Exercise directions
Within the records below, find the line with "Przytulanka Riley the" and the line with "blue gingham patterns v2.", then reproduce exactly those two lines and all lines between them, without any picture.

Data to use
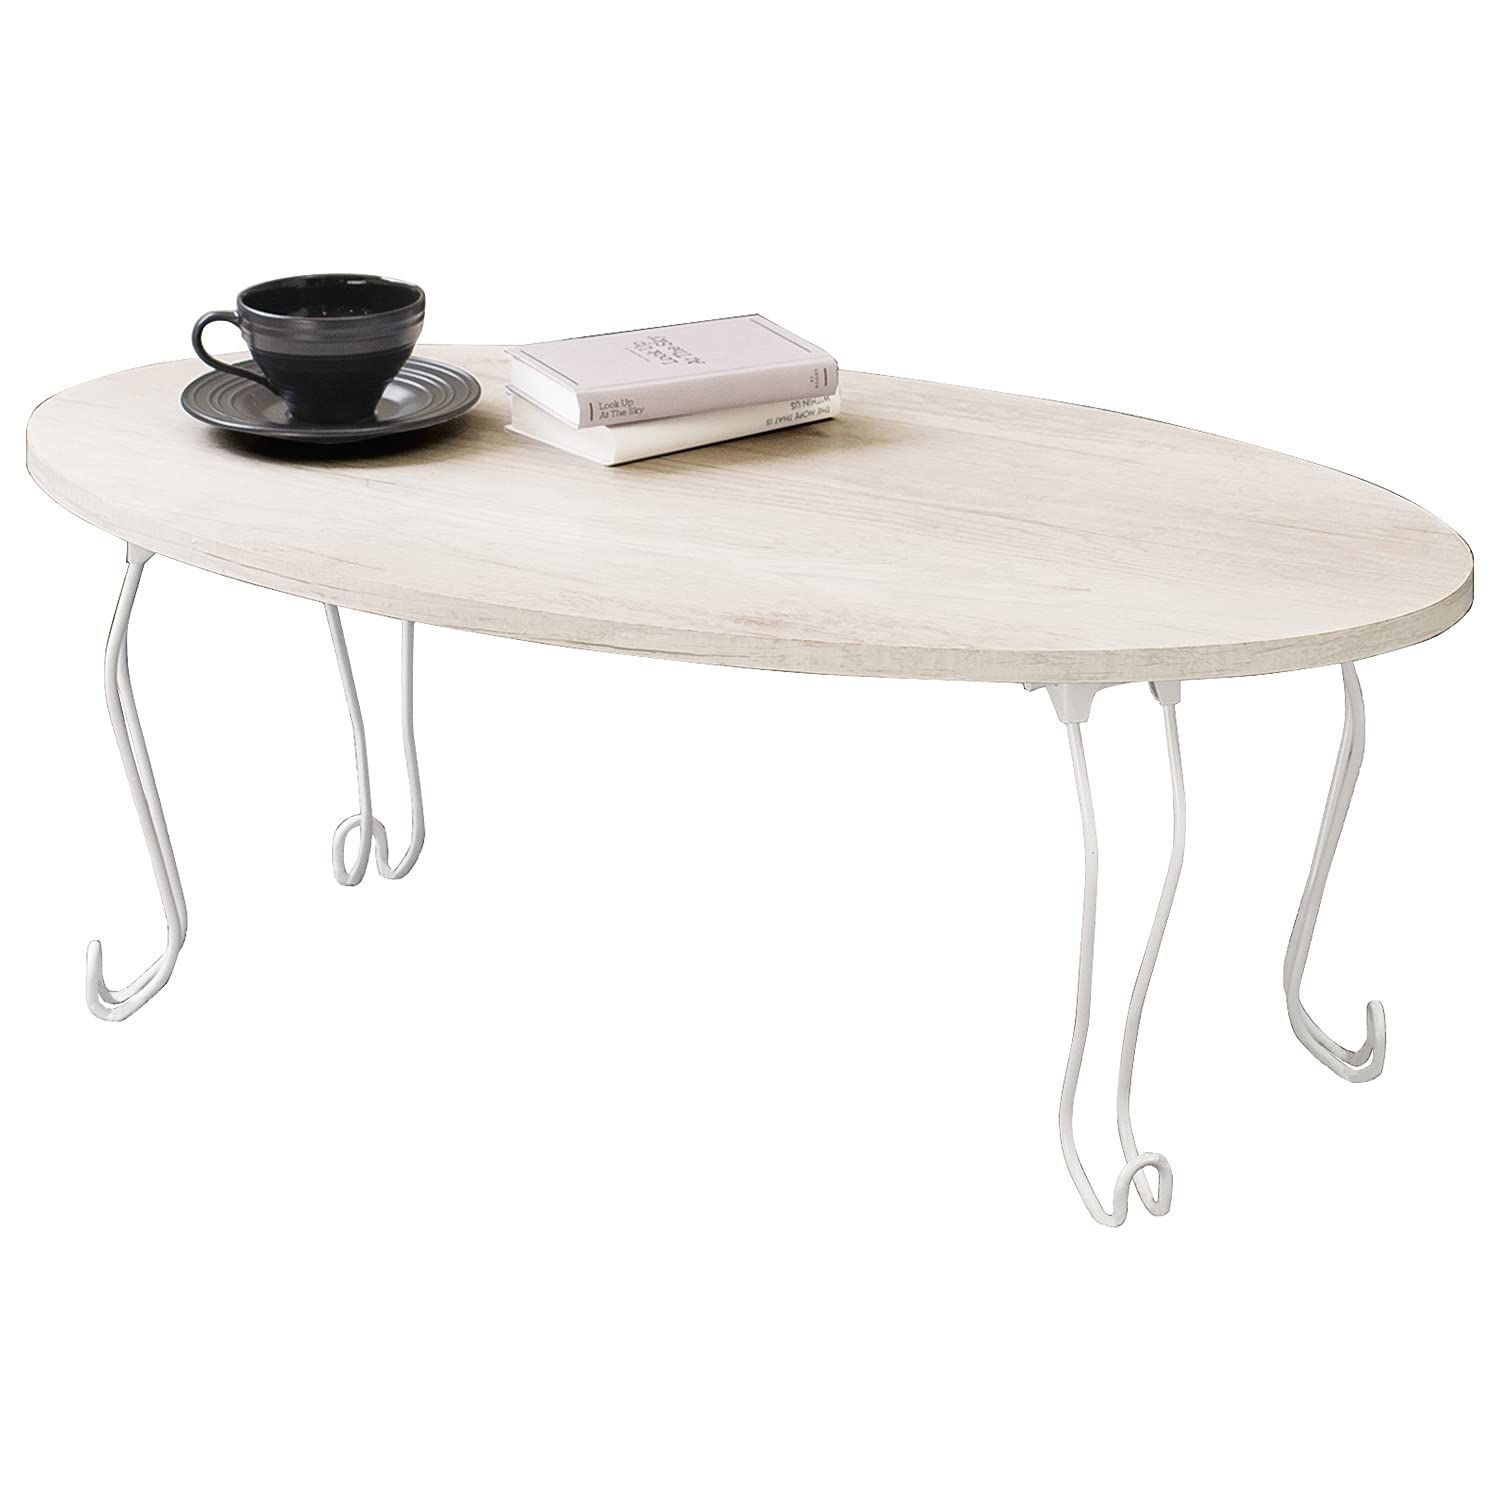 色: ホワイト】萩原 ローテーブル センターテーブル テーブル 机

---

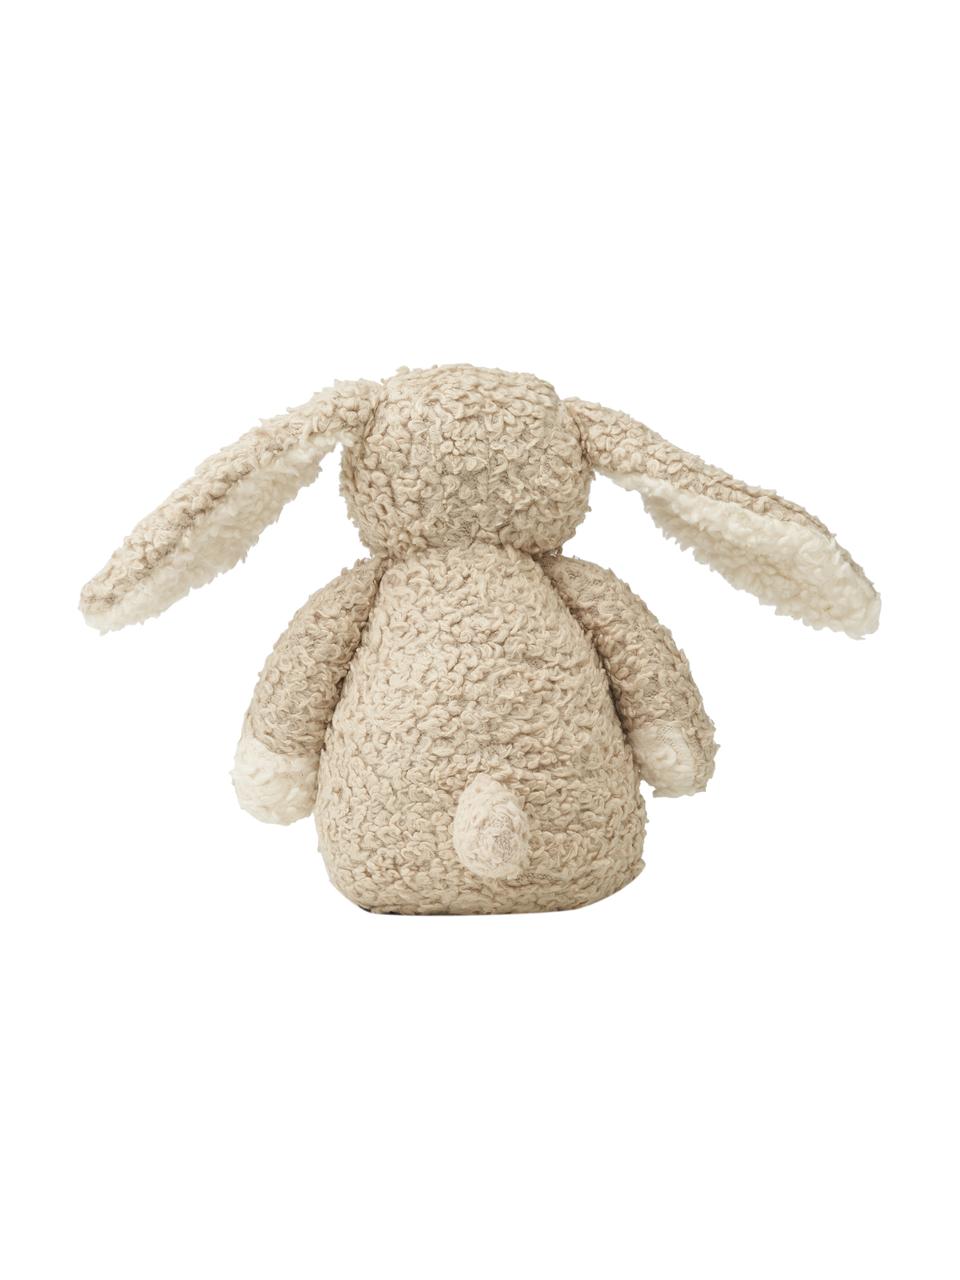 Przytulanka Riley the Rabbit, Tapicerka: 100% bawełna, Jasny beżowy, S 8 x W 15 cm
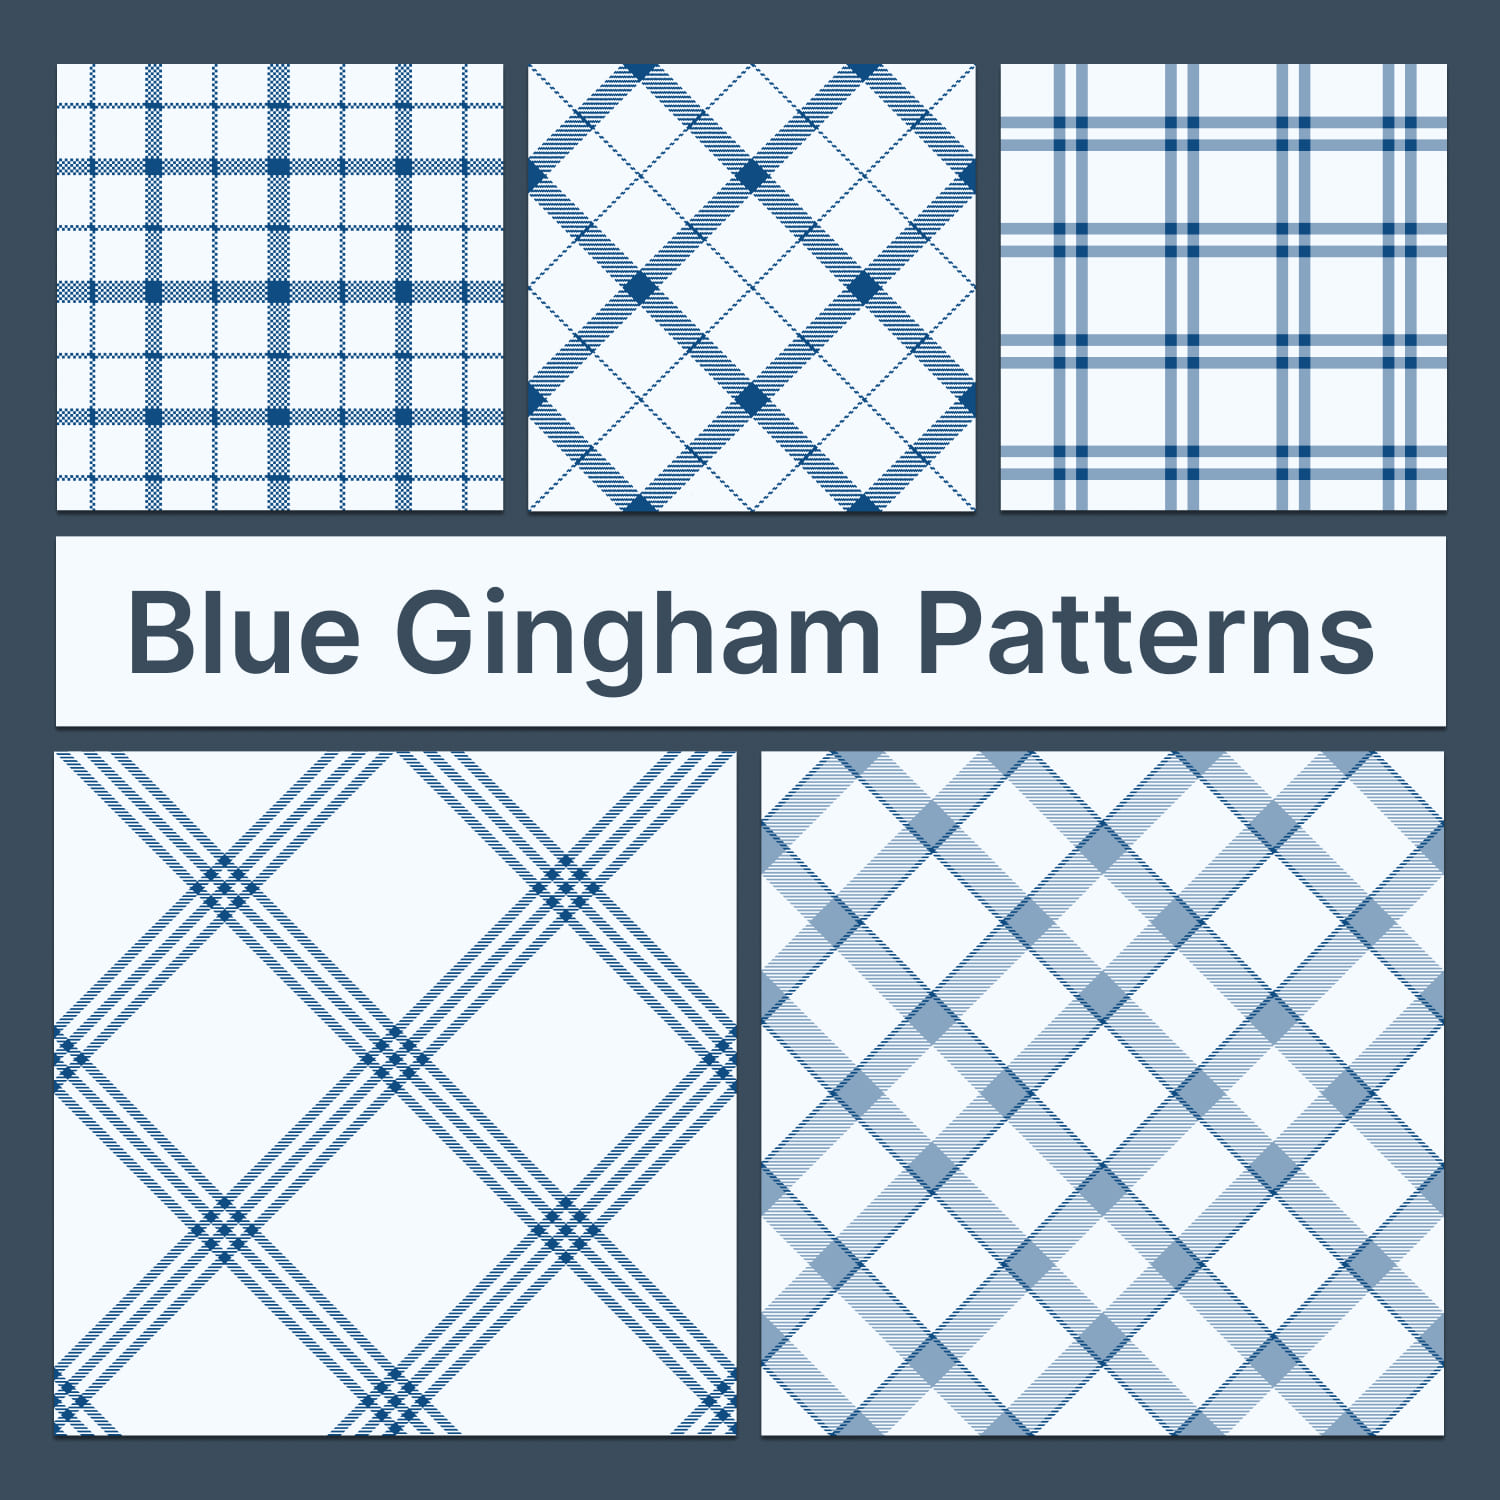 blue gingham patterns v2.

The answer
 Przytulanka Riley the Rabbit, Tapicerka: 100% bawełna, Jasny beżowy, S 8 x W 15 cm
 blue gingham patterns v2.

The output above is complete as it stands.